David Downing, an expert on C. S. Lewis, is the author of a new adventure novel involving the Inklings, those famous writers of more than children’s books, even! National Review Online’s Kathryn Jean Lopez talked to him about Looking for the King and the literary and cultural legacies of the Inklings.
KATHRYN JEAN LOPEZ: Looking for the King reads as if it has been written by someone with a real fondness for the Inklings. Is that so?
DAVID DOWNING: Yes, I discovered C. S. Lewis, J. R. R. Tolkien, and Charles Williams during my college years. Back then, I thought the world was divided into two groups: thinkers who were not believers and believers who were not thinkers. So it was a major intellectual and spiritual breakthrough for me to discover these three great-thinking believers and believing thinkers. LOPEZ
: What is your goal in Looking for the King
DOWNING: First and foremost, I just want to tell a good story.
Beyond that, I frequently speak at conferences on Tolkien and Lewis. Audiences often ask, “What were Tolkien and Lewis like in real life? Is it true they were best friends? What was this group they belonged to — the Inklings? Was it a religious movement or some sort of literary society? Wouldn’t you have loved to have been a ‘fly on the wall’ at an Inklings meeting?”
I have heard these questions so often that I decided I should try to answer them imaginatively, to take readers back in time to experience what it might be like to meet and get acquainted with the Inklings before they became famous.

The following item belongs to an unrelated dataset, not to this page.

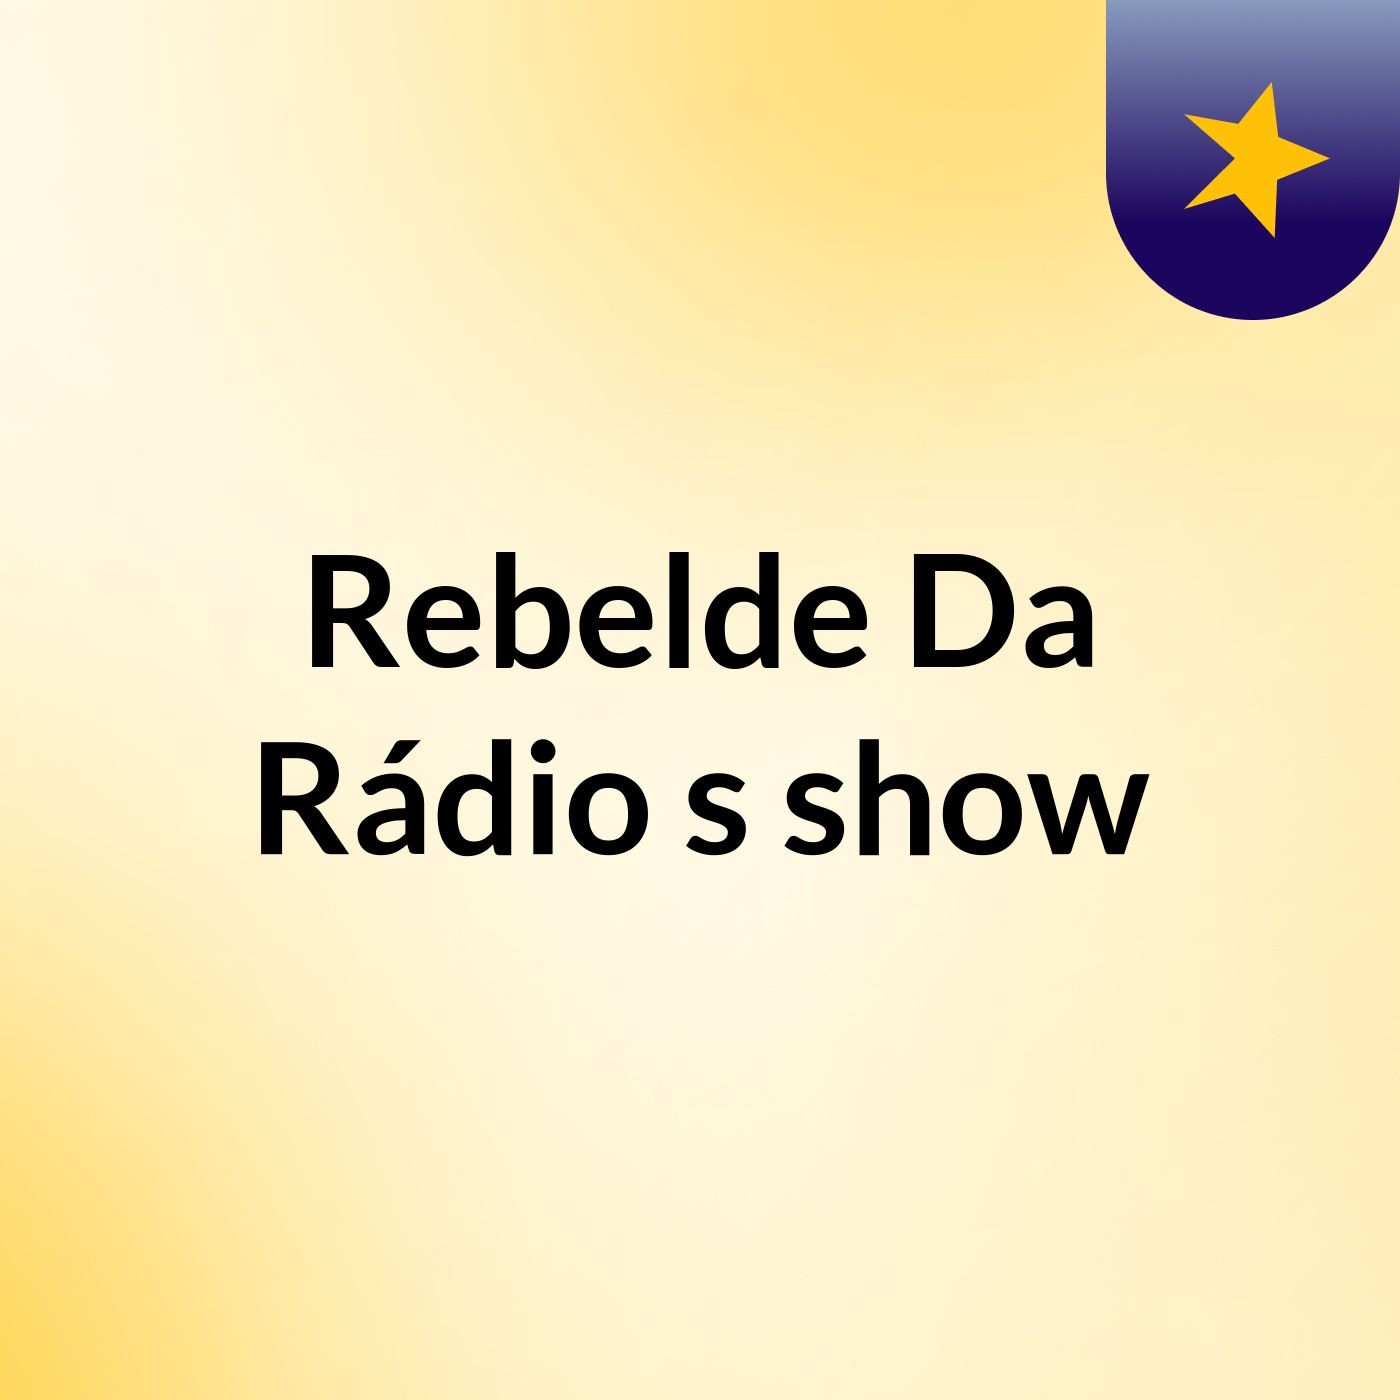 Rebelde Da Rádio's show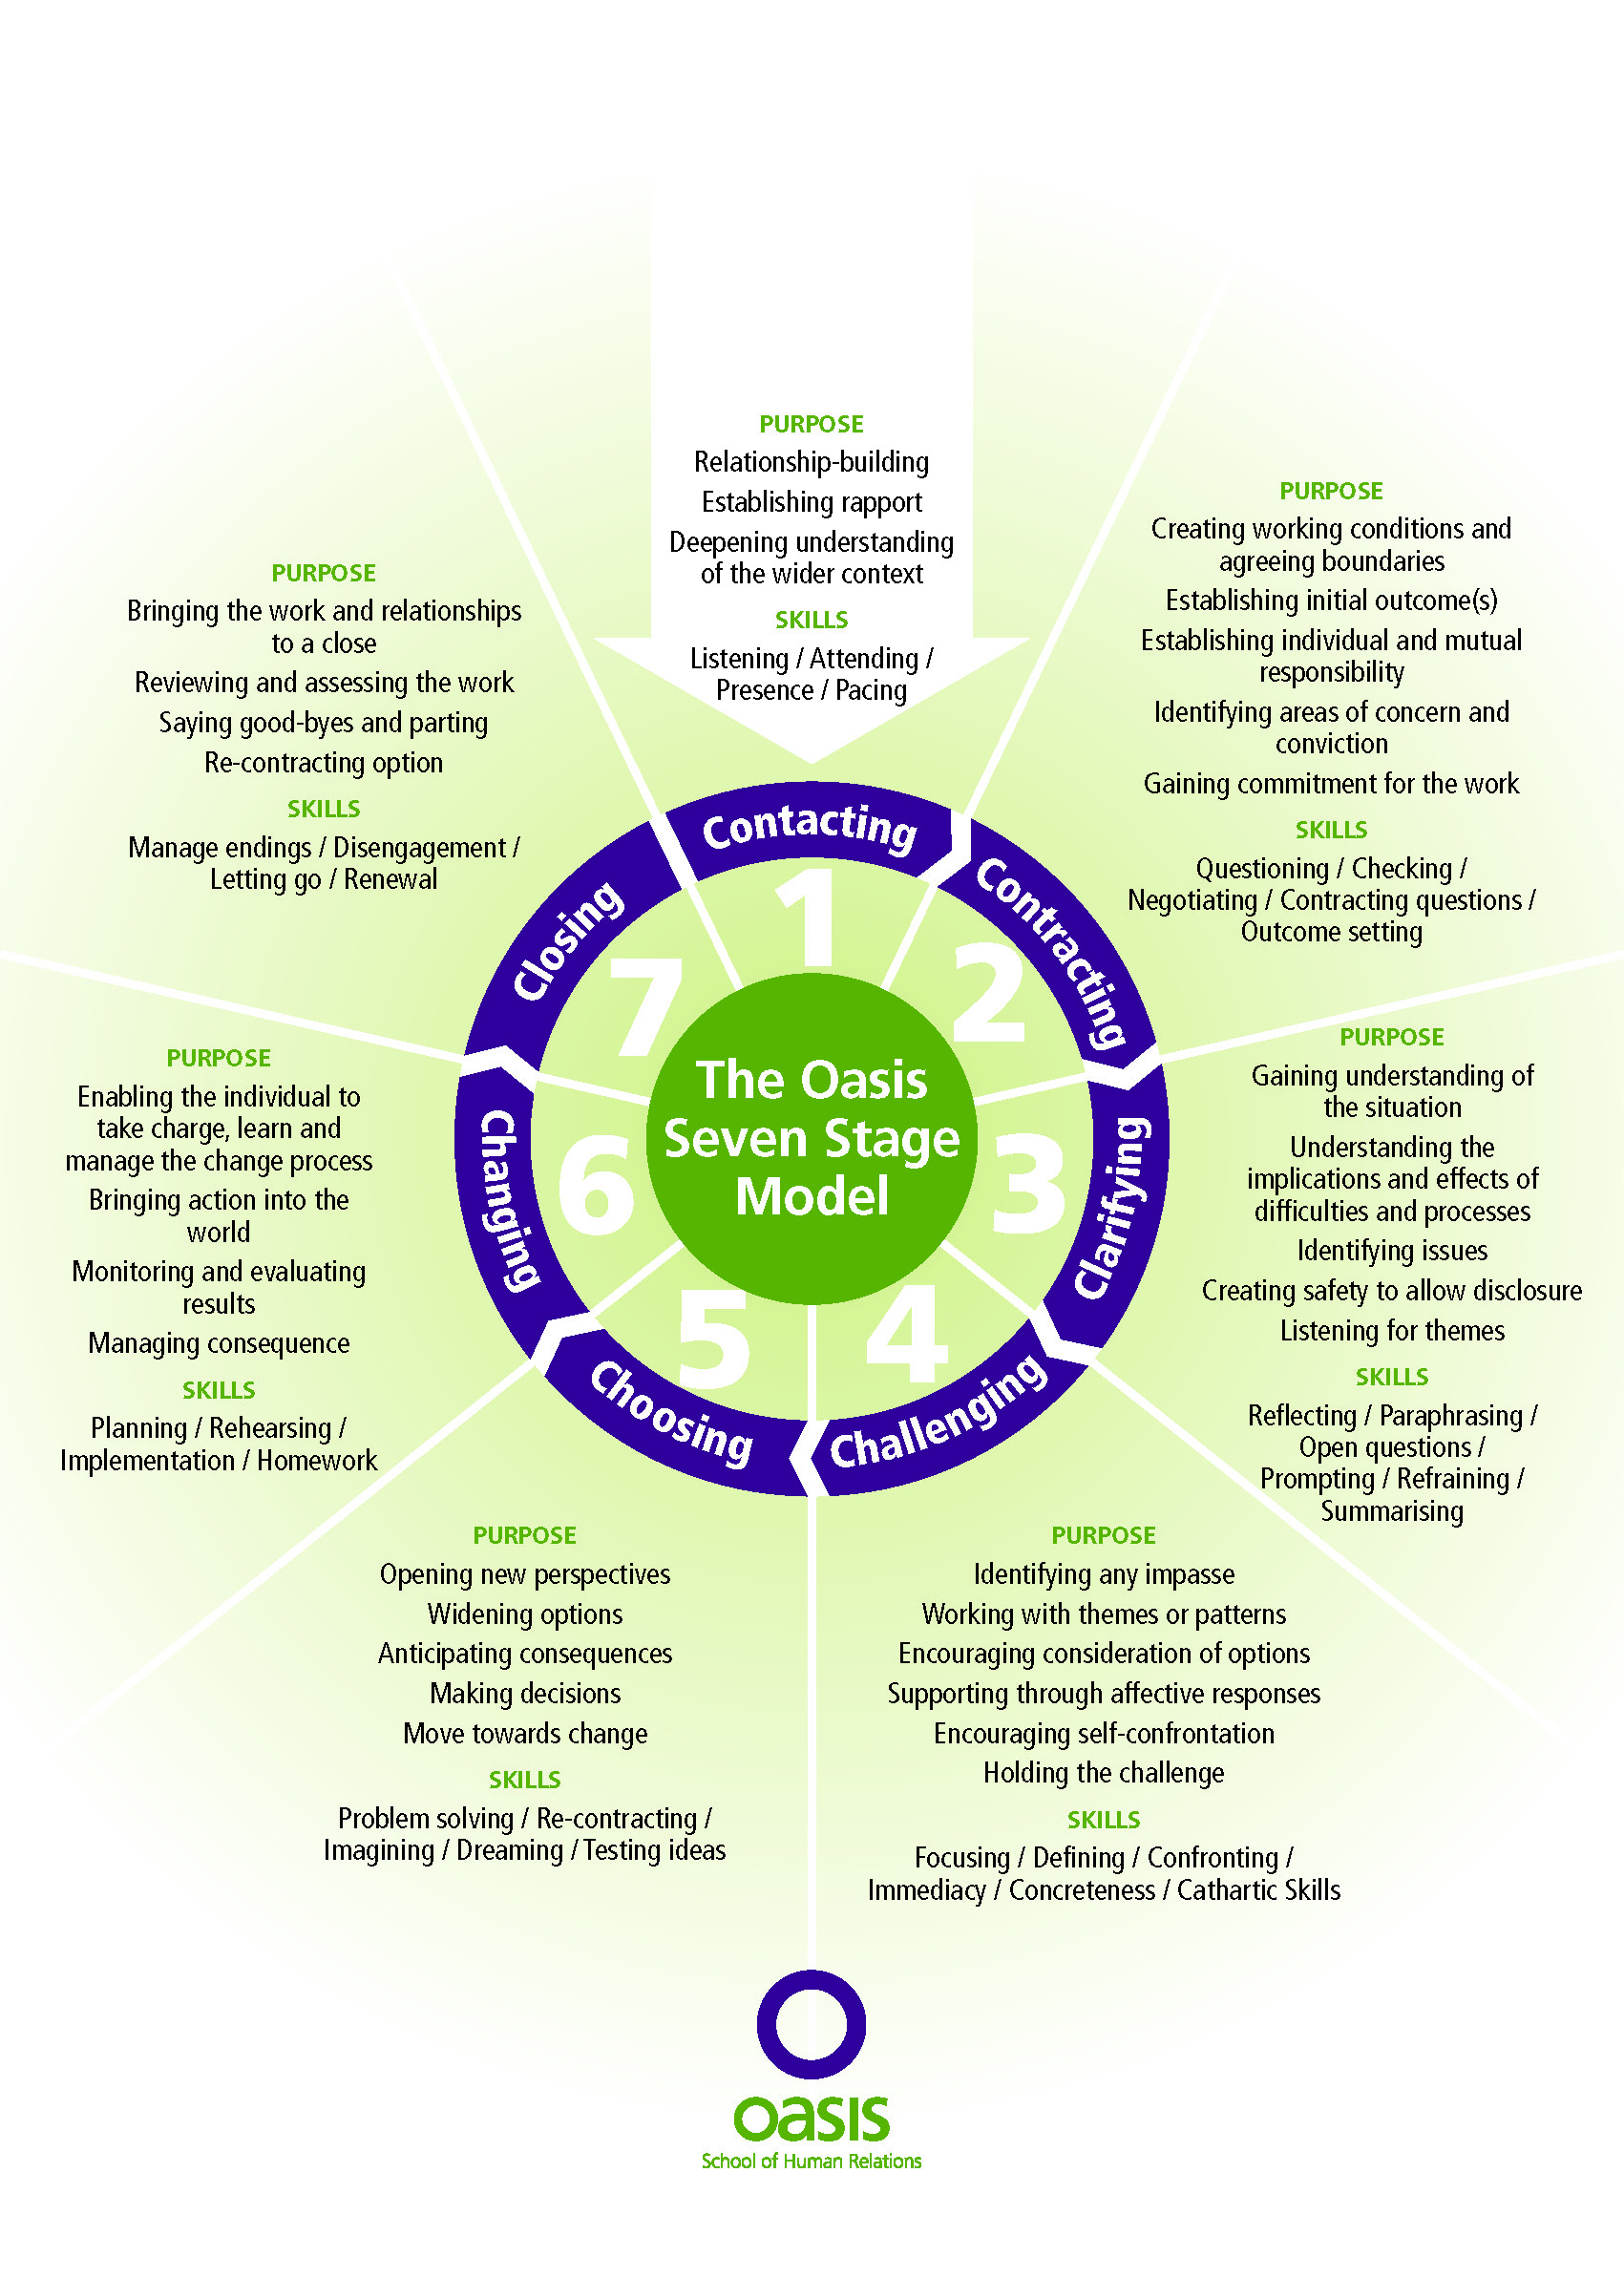 Oasis Seven Stage Model for managing change

Douglas Gresham, Lewis’s stepson, looked at one of the Lewis chapters in the novel and said it reads less like a work of fiction than an actual reminiscence by someone who shared a pub lunch with “Jack.” To me, that one remark repaid all my time and effort even before the book was published.
I also wanted to write a quest story that underscores the richness and beauty of the Christian worldview instead of undermining it. My protagonist, an ambitious but callow young American, discovers that his quest for a priceless, elusive relic is ultimately of less importance than his own spiritual journey.
LOPEZ: Who is your audience?
DOWNING: I think those who are most naturally drawn to the novel will be readers who already know and admire Lewis and Tolkien (and Williams) as thinkers and writers, but who want to know more about them as people. Of course, there are already helpful biographies of all three men. But a novel can portray them more vividly at a particular moment in time. It can distill their essence for readers without having to rehearse all the cradle-to-casket details of their lives.
I am hoping to reach a wider audience as well. The story of two young Americans trying to locate the Spear of Destiny somewhere in England, shadowed by mysterious and dangerous foes, makes for lively reading in itself, apart from getting to know the Inklings. So I am trying to interweave Inklings chapters with quest chapters.
Someone called this a cloak-and-dagger novel, but I see it as more of a “cloak and lager novel.” When my young adventurers are not on the road looking for the Spear, they do have several opportunities to sit down in a cozy pub with Tolkien or Lewis, to chat about stories and history, faith and fellowship — the things that separate mere living from a life well-lived.